Govt Mulls Always-On Phone Location Tracking Proposal For Smartphones: Report
Just days after the government withdrew its order mandating pre installation of cyber-safety app Sanchar Saathi on all smartphones, the Central Government is now mulling a fresh proposal that raises surveillance concerns. As per a Reuters report, the government is examining a telecom industry plan to require smartphone makers to enable always-on satellite-based location tracking.
The plan would force mobile phones to keep assisted GPS (A-GPS) permanently active, allowing authorities to access device-level location data with extreme precision.
The proposal has been opposed by Apple, Google and Samsung over privacy risks, as per sources and documents cited by the publication.
Industry body India Cellular & Electronics Association (ICEA), which represents Apple and Google, warned the government in a confidential July letter that such a measure has no global precedent.
ICEA highlighted that such a move could conflict with India’s constitutional privacy rights, data protection laws and telecom regulations.
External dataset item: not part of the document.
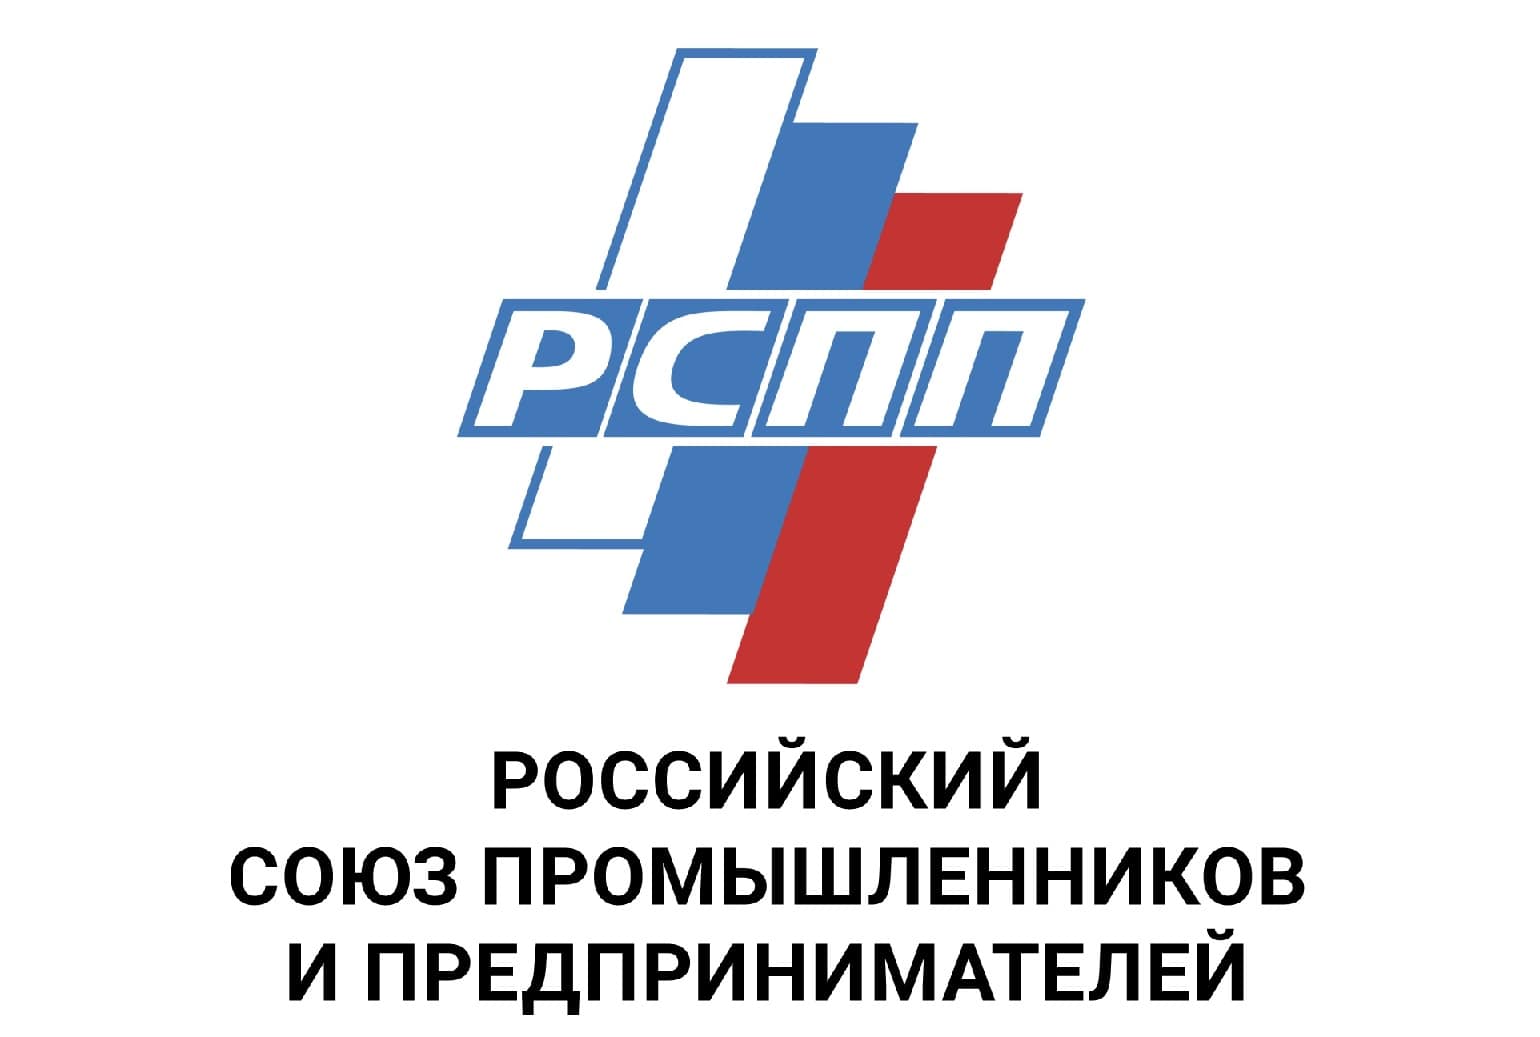 РСПП Российский союз промышленников и предпринимателей

It also warned of privacy and security risks, as tracking might expose movements of sensitive users like military personnel, judges, journalists and executives for leaks or other types of misuse.
Security agencies have long argued that tower-level location data from telcos is not precise enough for investigations or emergency responses. Telcos, in turn, say they cannot provide more accurate data unless Android and iOS allow always-on A-GPS access for lawful requests.
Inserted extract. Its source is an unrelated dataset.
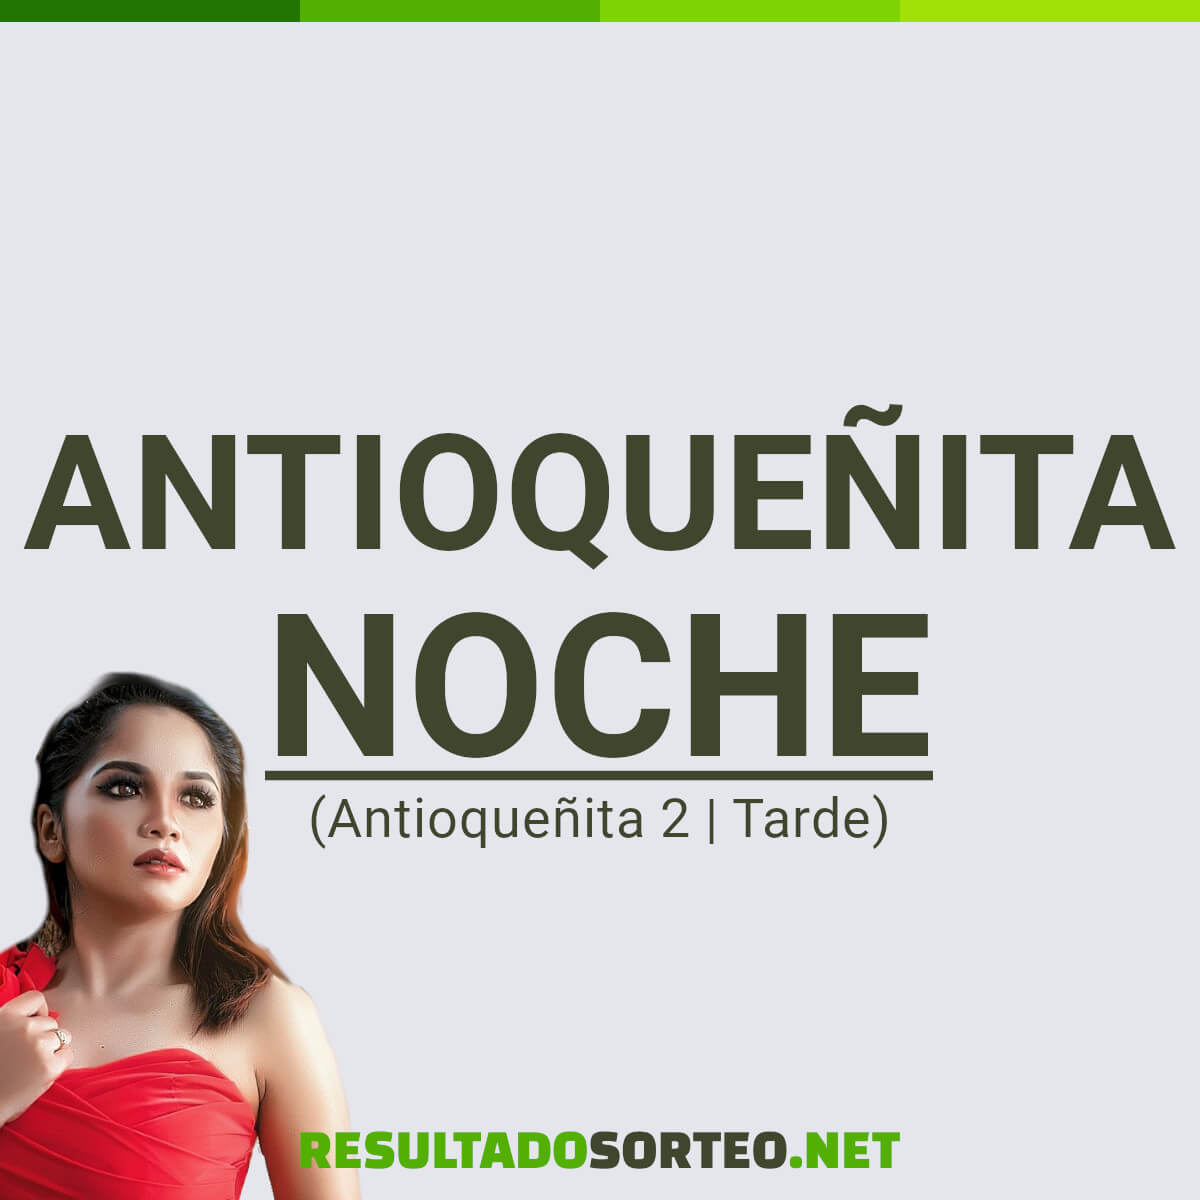 Antioqueñita 2

The report comes immediately after the Sanchar Saathi episode, where smartphone brands were ordered to preload a non-removable government app, only for the mandate to be withdrawn after backlash over surveillance and legality.
Civil liberties and digital forensics experts warn that meter-level, always-on location access would effectively turn every smartphone into a “dedicated surveillance device”. While A-GPS already offers extreme accuracy, making it permanently available to the state would dramatically lower the friction and visibility of surveillance.
There is also a fight over transparency. The Cellular Operators Association of India (COAI) has reportedly pushed for disabling pop-up alerts that inform users when their location is accessed, arguing that such alerts tip off “targets”. Apple and Google counter that these alerts are a basic consent and transparency safeguard. Removing them, they argue, would normalise invisible tracking without user awareness.